:: TASK ITEM ::
An exact copy is needed of the lines in the entries below from the line with "JIS C 62137-1-2:2010封面图" up to and including the line with "Доступ к специальным папкам Windows XP", and of nothing else. Leave the pictures out.

:: DATA ::
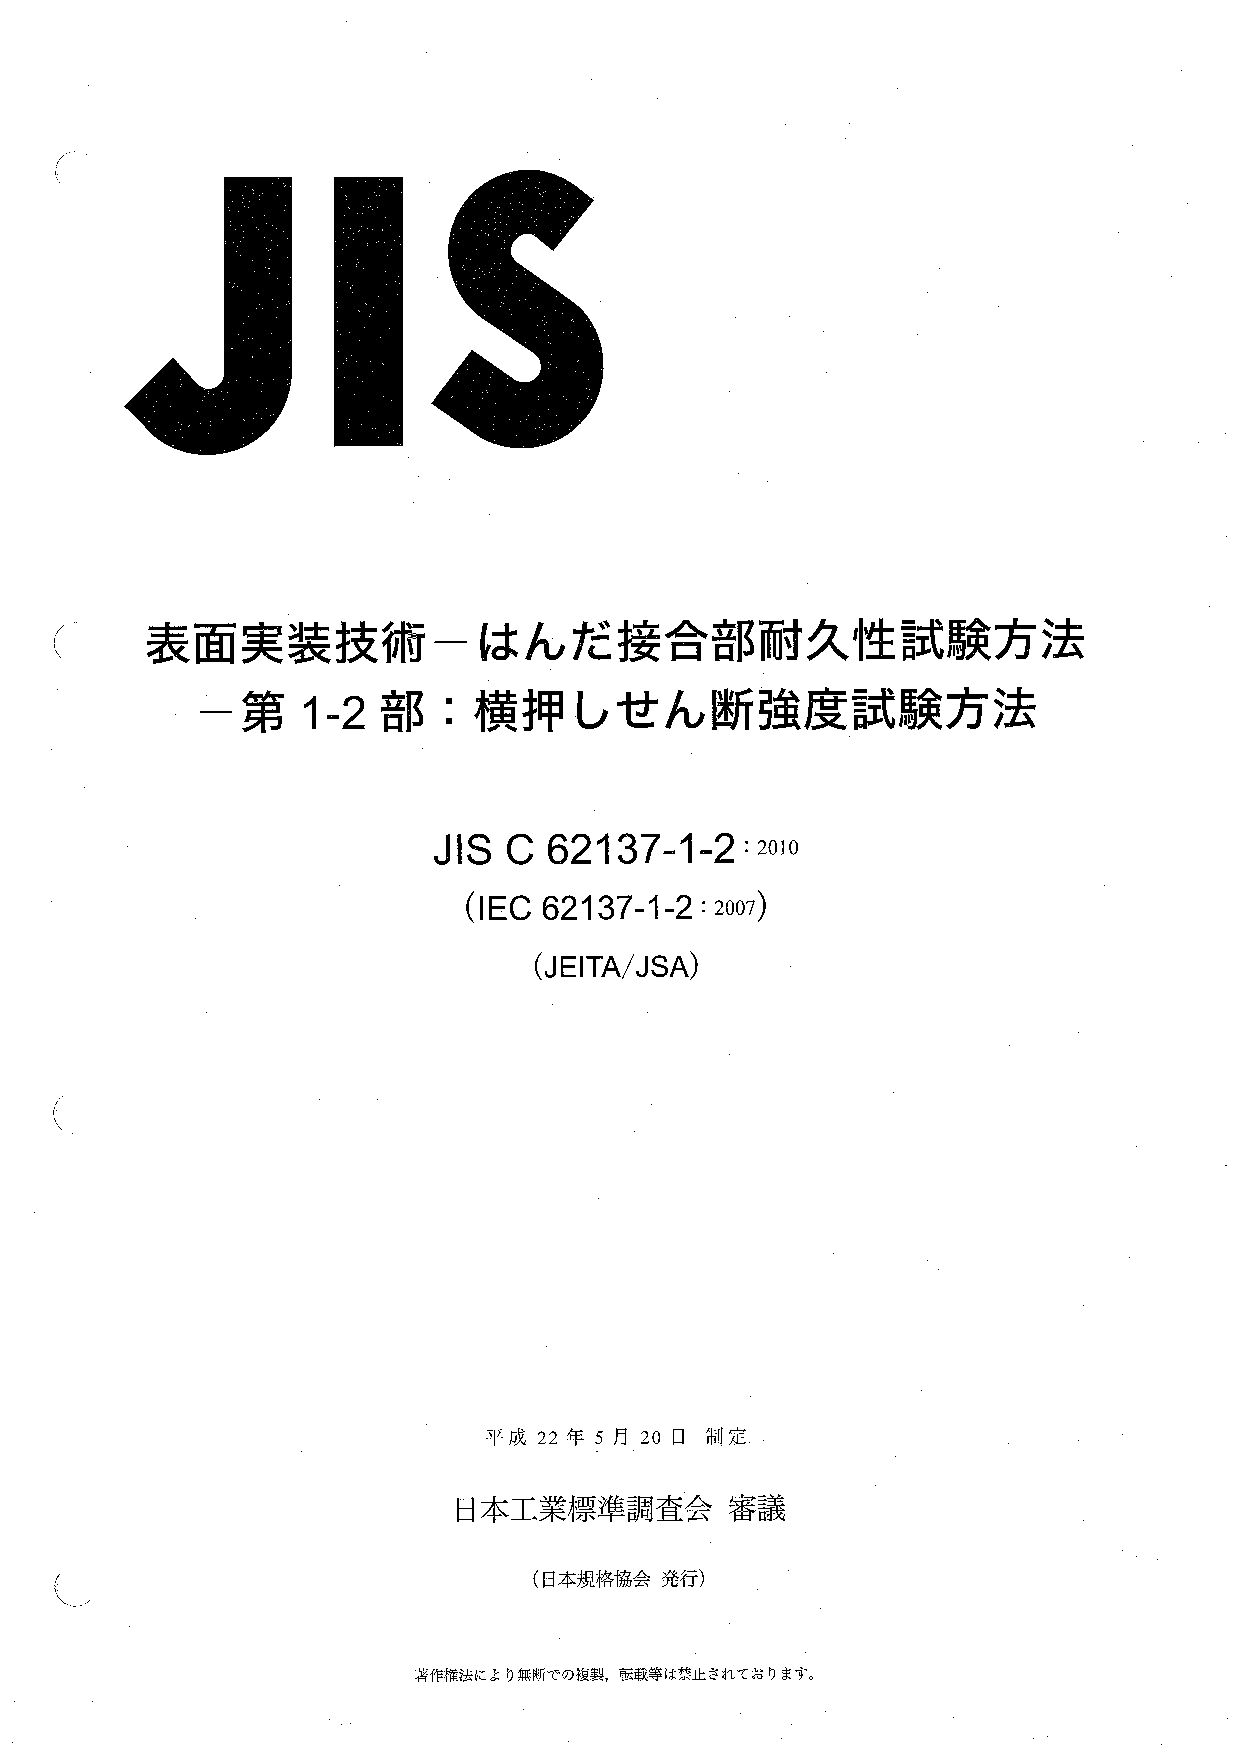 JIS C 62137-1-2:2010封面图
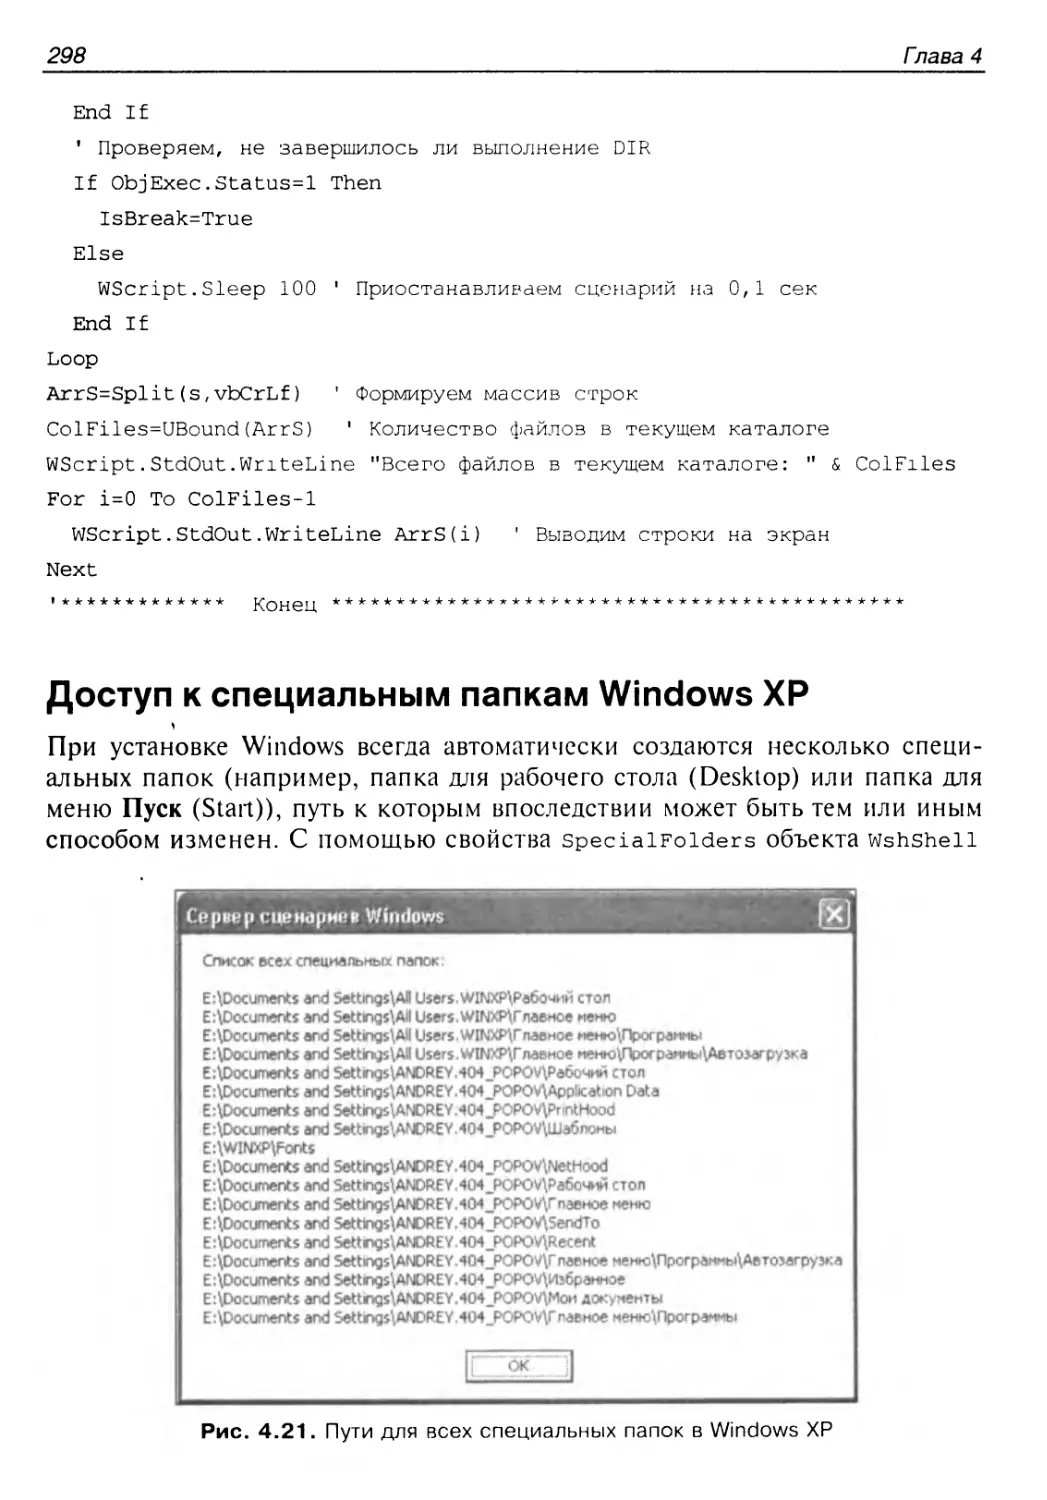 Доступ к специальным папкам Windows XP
---
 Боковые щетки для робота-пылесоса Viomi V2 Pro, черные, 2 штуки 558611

:: WRITTEN RESPONSE ::
 JIS C 62137-1-2:2010封面图
 Доступ к специальным папкам Windows XP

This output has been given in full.